Таким образом, EDC воздействуют на репродуктивную систему не только путем рецепторного взаимодействия, но и через сложные эпигенетические механизмы, включающие модификации ДНК, гистонов и регуляторных РНК. Эти изменения могут носить стойкий, трансгенерационный характер и обусловливать фенотипы, ассоциированные с нарушением фертильности и развитием овариальной дисфункции. Углубленное изучение этих механизмов критически важно для идентификации групп риска и разработки молекулярных маркеров, позволяющих диагностировать и предотвращать токсическое воздействие на репродуктивную систему, индуцированное EDC.

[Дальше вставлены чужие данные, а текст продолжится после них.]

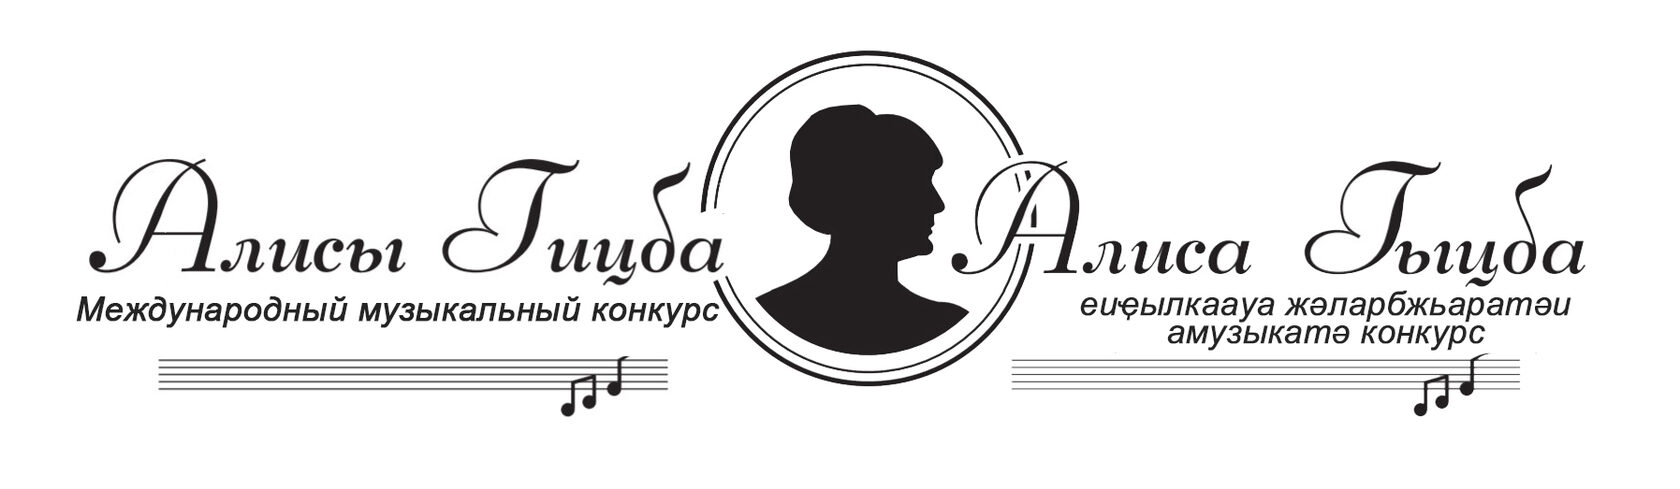 Международный музыкальный конкурс Алисы Гицба

Роль окислительного стресса в патогенезе дисфункции яичников, индуцированной EDC / The role of oxidative stress in the pathogenesis of EDC-induced ovarian dysfunction
Митохондриальные механизмы генерации активных форм кислорода (АФК) представляют собой неотъемлемую часть клеточного метаболизма. В ходе окислительно-фосфорилирующих процессов в митохондриях образуются реакционноспособные радикалы, которые при избыточной аккумуляции могут повреждать биомолекулы и клеточные структуры, включая липиды, белки и нуклеиновые кислоты [78][79]. Такое состояние, при котором нарушается баланс между продукцией АФК и антиоксидантной защитой, называется окислительным стрессом и является критическим триггером для активации программируемой клеточной гибели – апоптоза в овариальных структурах [80][81]. Одним из ключевых механизмов, посредством которого реализуется токсическое действие EDC, является индукция окислительного стресса через избыточную генерацию АФК и подавление антиоксидантной системы защиты клеток. Взаимосвязь между концентрацией БФА в моче и повышением маркеров окислительного стресса, таких как 8-OHdG (англ. 8-hydroxy-2’-deoxyguanosine; 8-гидрокси-2’-дезоксигуанозин), HNE-MA (англ. 4-hydroxy-2-nonenal mercapturic acid; меркаптуровая кислота 4-гидрокси-2-ноненаля) и 8-isoPGF2α (англ. 8-iso-prostaglandin F2α; 8-изопростагландин F2α) была подтверждена в популяционном исследовании с участием более 400 взрослых пациентов [82].
Поддержание окислительно-восстановительного гомеостаза в яичниках обеспечивается сложной системой антиоксидантной защиты, включающей супероксиддисмутазу (англ. superoxide dismutase, SOD), каталазу (англ. catalase, CAT), глутатионпероксидазу (англ. glutathione peroxidase, GPx), глутатионредуктазу (англ. glutathione reductase, GR) и другие ферменты, ответственные за нейтрализацию АФК [83]. Дисбаланс этой системы, вызванный воздействием экзогенных соединений, может привести к нарушению фолликулогенеза, атрезии фолликулов, снижению овариального резерва и преждевременному старению яичников.
Одним из ключевых механизмов токсичности EDC является индукция окислительного стресса. Например, 2,3,7,8-тетрахлордибензо-p-диоксин (ТХДД) и полициклические ароматические углеводороды (ПАУ), активируя AhR, стимулируют транскрипцию генов, ассоциированных с выработкой АФК, тем самым индуцируя окислительные каскады в клетках яичников [17].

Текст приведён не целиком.